I would never go back now, after having some short dated items (not reduced) never again :incazzato:


----------



## Lyceum (Sep 25, 2009)

New Puppy Mum said:


> On the puppy food
> 
> Jon Angell Petco
> Salmon (min. 37%: Includes min. 26% salmon meal, min. 11% salmon), Potato (min 37%), Salmon Oil, Sugar beet fibre, Peas, Brewers Yeast, Minerals and Vitamin
> ...


Once all is dehydrated and in the bowl the meat content of them is

100 -70 [the moisture level] = 30%. Then 30% of 11% = 3.3% add that to the 26% meal, so Jon Angell has 29.3% overall fish.

F4D has 100 -70 = 30%. Then 30% of 22% = 6.6% , add that to the existing 26% gives you an overall meat content of 32.6%

F4D edges it on both meat content and price.

Can I just also throw fishmongers into the mix



> Salmon Meal (min 27%), Potato (min 27%), Salmon (min 24%), Salmon Oil (min 9%), Sugar Beet Pulp, Salmon Digest (min 2%), Minerals, Brewers Yeast, Potassium Chloride, Methionine, Mannan-Oligosaccharides, Fructo-Oligosaccharides, Yucca Extract, L-Carnitine, Beta Carotene


Over all meat content is

100 -70 = 30%. Then 30% of 24% = 7.2% , add that to the 27% makes it 32.2% overall. It's also £30 for 10kg, so you could get 20kg for a few£ more than the other two is for 12 KG.


----------



## Lyceum (Sep 25, 2009)

[email protected] said:


> I have always been an ardent fan of f4d particularly as one of mine has a red meat intolerance which is why I investigated it so much when they first came out. I've had long chats with them over their recent changes just to ensure that no red meat is included. I dont have a problem with the pea inclusion to improve the glycaemic index and digestibility and the fish content is still 46% so I will stick with them for the time being. I also use their mousses and their treats so still prefer to buy everything under one roof, never had a problem with ordering or customer service so for me its a case of 'if it aint broke dont try and fix it'. At least if you do move to Jon Angell, if you cant get supply in the long term future from him, you know there is your fall back of F4d and their range.


As I said in my other thread you repped the company you work for in, what kibble has 46% fish in??? Before dehydration maybe, but not once dehydrated and going into the dogs bowl.


----------



## Guest (Nov 15, 2012)

Lyceum said:


> Once all is dehydrated and in the bowl the meat content of them is
> 
> 100 -70 [the moisture level] = 30%. Then 30% of 11% = 3.3% add that to the 26% meal, so Jon Angell has 29.3% overall fish.
> 
> ...


Is fishmongers okay for puppies?

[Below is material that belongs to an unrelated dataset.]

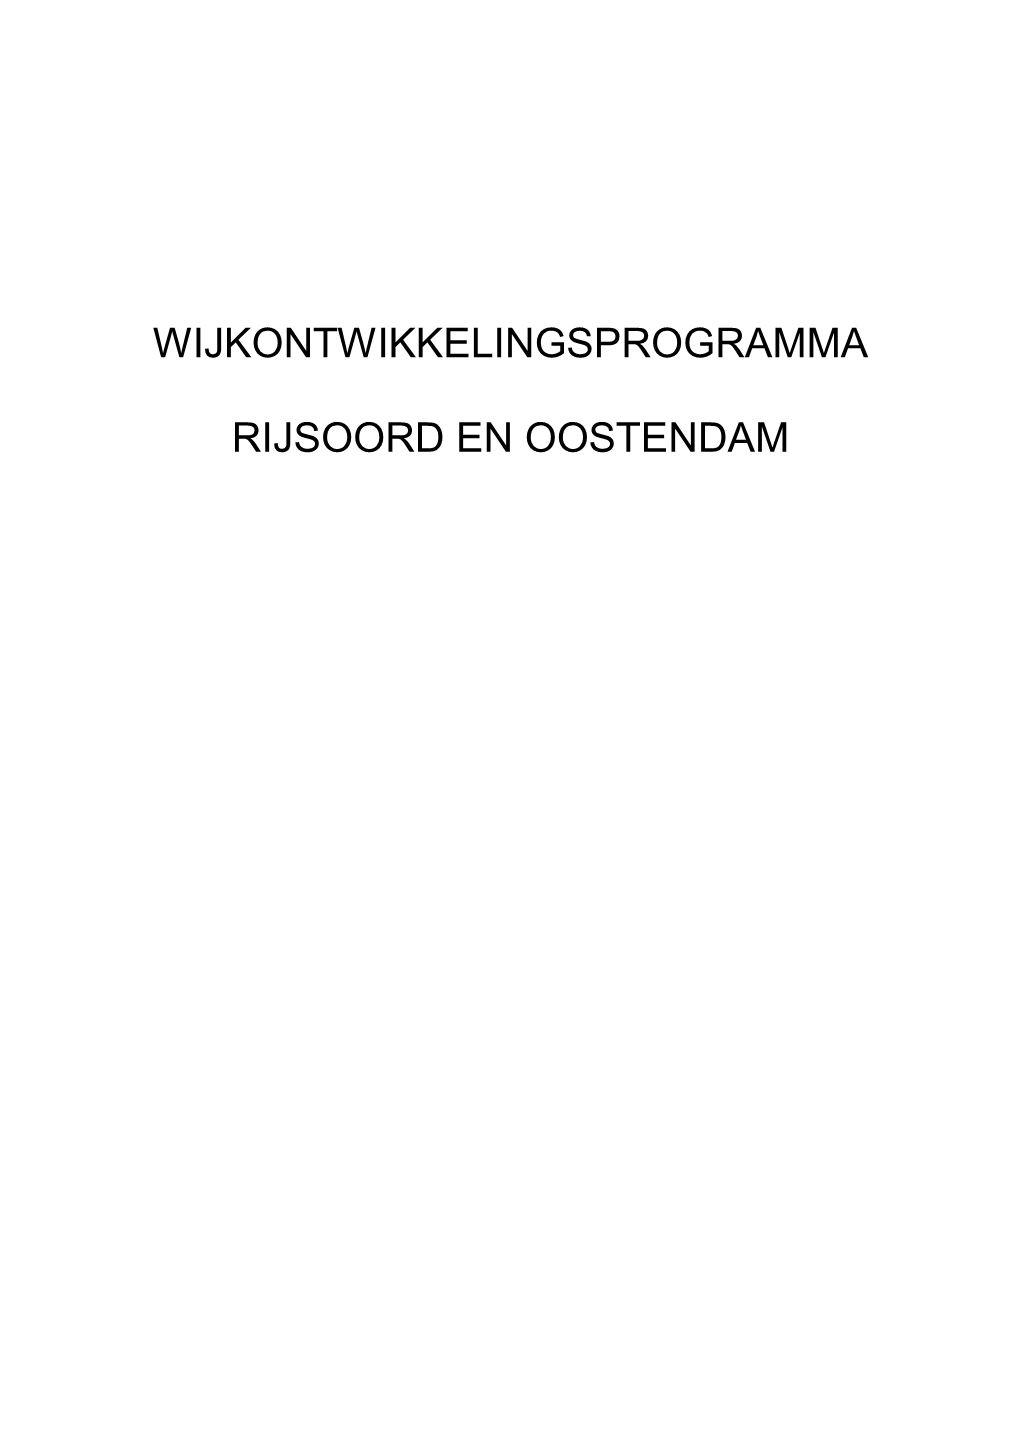 15.Wijkontwikkelingsprogramma Rijsoord Oostendam

And someone on the reviews said fishmongers isn`t suitable for small dogs


----------



## Lyceum (Sep 25, 2009)

New Puppy Mum said:


> Is fishmongers okay for puppies? And someone on the reviews said fishmongers isn`t suitable for small dogs


I don't believe in puppy food, think it's all a big fad myself, so I'd not think twice about feeding it. Only problem I could see is it being too big for a puppy, but I'm not sure as I don't know how big it is.


----------



## paddyjulie (May 9, 2009)

Lyceum said:


> Once all is dehydrated and in the bowl the meat content of them is
> 
> 100 -70 [the moisture level] = 30%. Then 30% of 11% = 3.3% add that to the 26% meal, so Jon Angell has 29.3% overall fish.
> 
> ...


Thanks for explaining it like that..I understand now... I think  I have decided to keep Mine on the fish4dogs , I am pretty pissed off the way they have reduced the quality, but, I do feel changing Mavis over to anything else could be a backward step healthwise. I mean it still got to be better than burns is it not? that's what she was on prior to switching over


----------



## CavalierOwner (Feb 5, 2012)

Lyceum said:


> I don't believe in puppy food, think it's all a big fad myself, so I'd not think twice about feeding it. Only problem I could see is it being too big for a puppy, but I'm not sure as I don't know how big it is.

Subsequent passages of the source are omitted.